There was quite a lot of evidence as early as 1957 that Castro had ties to the Soviet Union that exceeded simply desiring economic aid. A former Ambassado to Cuba in the late 1940's provided information suggesting Castro's true intent in an interview with a respected journal stating "... `He is a fellow-traveler, if not a member of the Communist Party and has been so for a long time. He was a ring-leader in the bloody uprising in Bogota, Colombia in April, 1948, which occurred (and obviously was planned by the Kremlin) just at the time when the Pan-American Conference was being held in that capital, with no less a person than Secretary of State George C. Marshall present. The uprising was engineered and staged by Communists, and the Colombian Government and Colombia press subsequently published documentary evidence of Fidel Castro's role as a leader in the rioting which virtually gutted the Colombian capital." This supposition has been supported by other revelations, especially since Che's death many years ago.
Eisenhower believed it was in the best interest of unity in the western hemisphere, to display anattitude of non-interference as called for in the Ninth Inter-American Conference, held in Bogota, Colombia in April 1948, which led to the creation of the Organization of American States (OAS).

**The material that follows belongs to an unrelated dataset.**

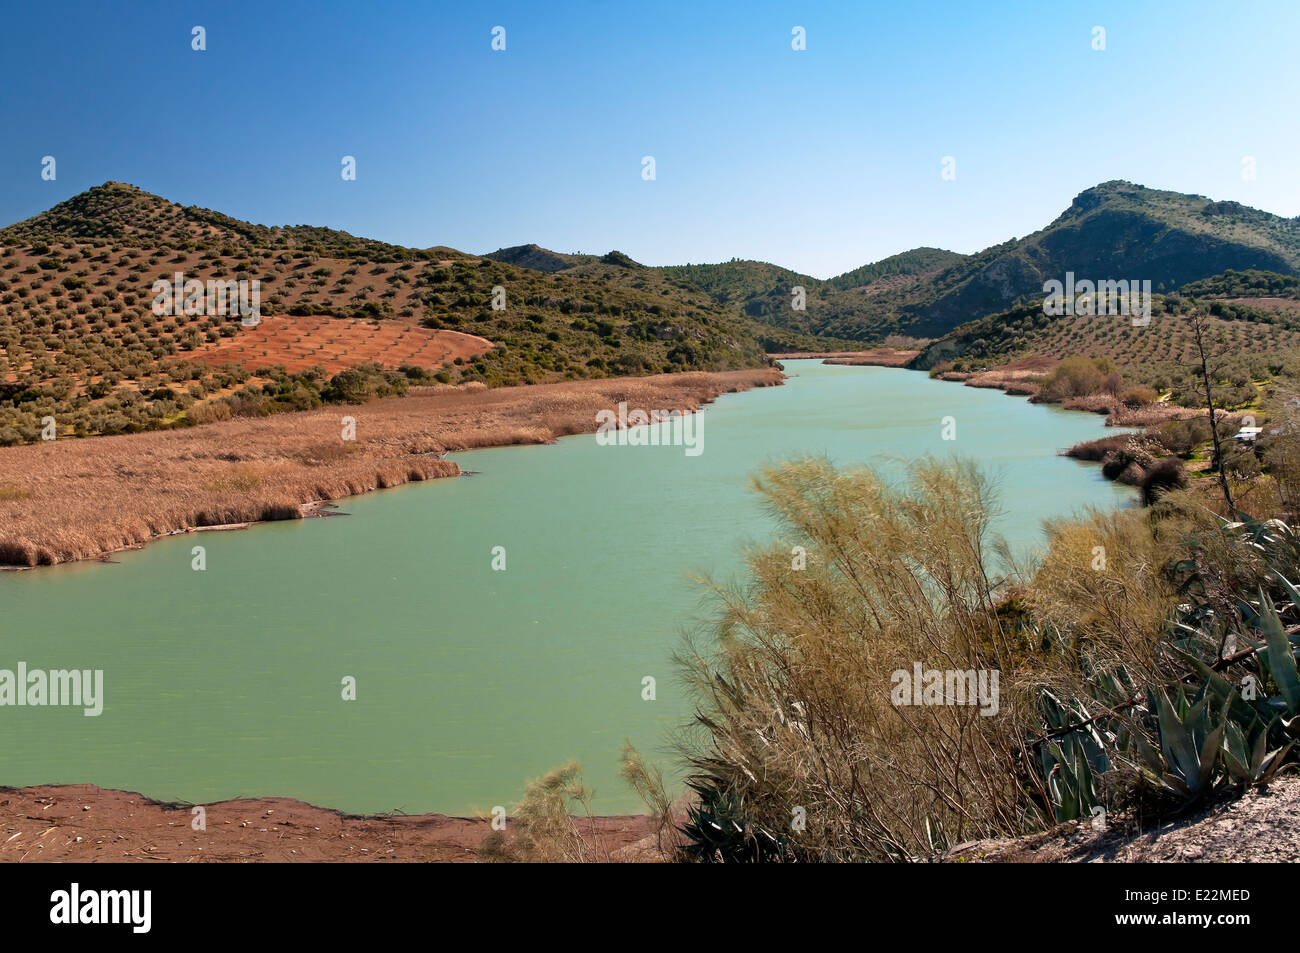 Malpasillo Reservoir Natural Area, The Tourist Route of the Bandits, Badolatosa, Seville province, Region of Andalusia, Spain, Europe Stock Photo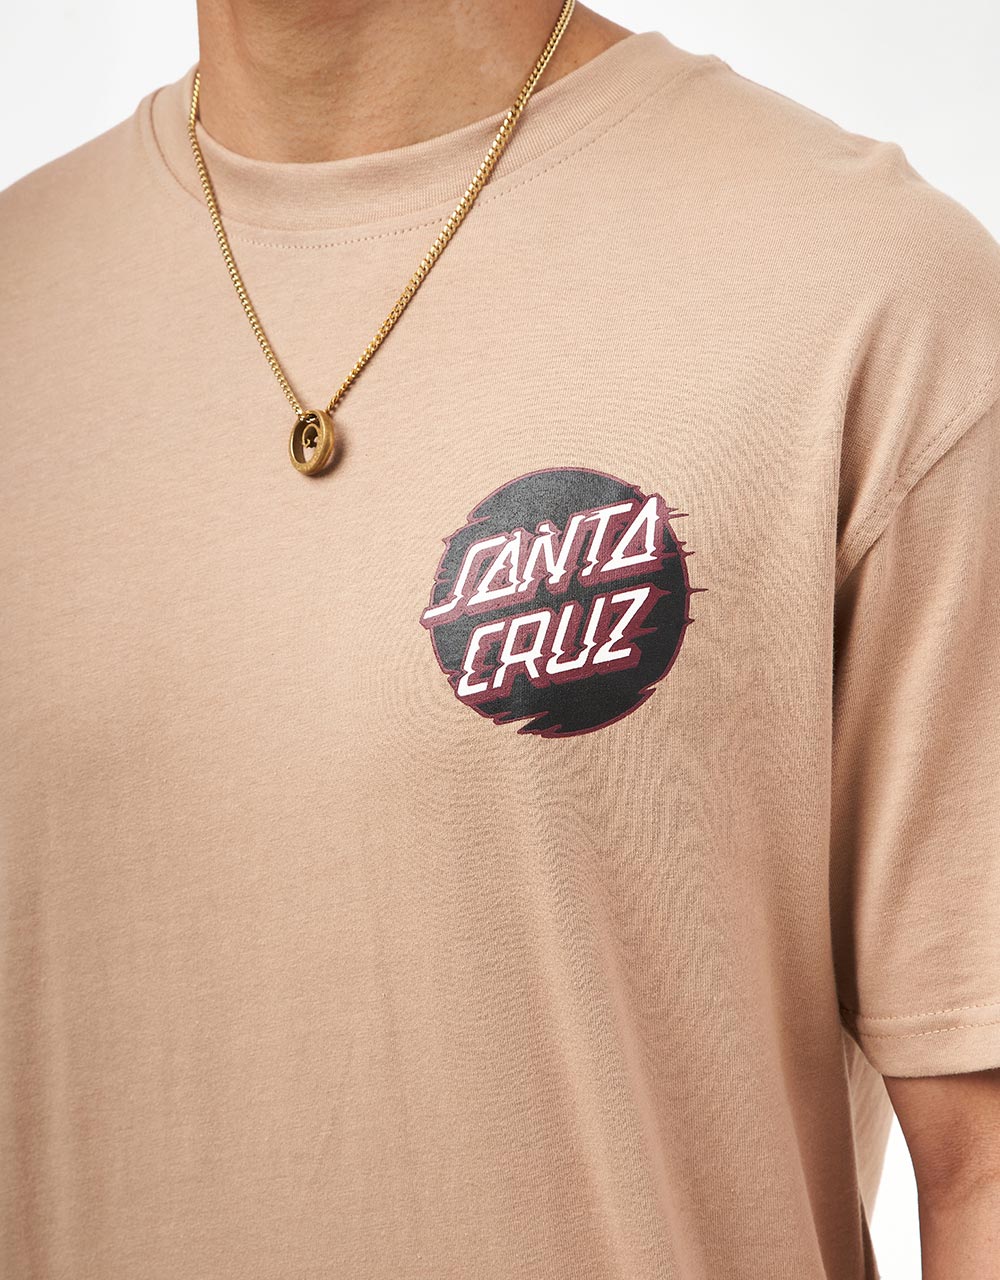 Santa Cruz Toxic Skull T-Shirt - Taupe

Additionally, Saul Landau who was a senior fellow at the Institute for Policy Studies in Washington, DC said, following Fidel's announcement of his intent to install a Marxis-Leninist regime in 1961 "...Fidel Castro in 1968 explained to me that he had become a Marxist from the very time that he read the Communist Manifesto in his student days, (emphasis added) and a Leninist from the period when he read Lenin while in prison on the Isle of Pines in 1954."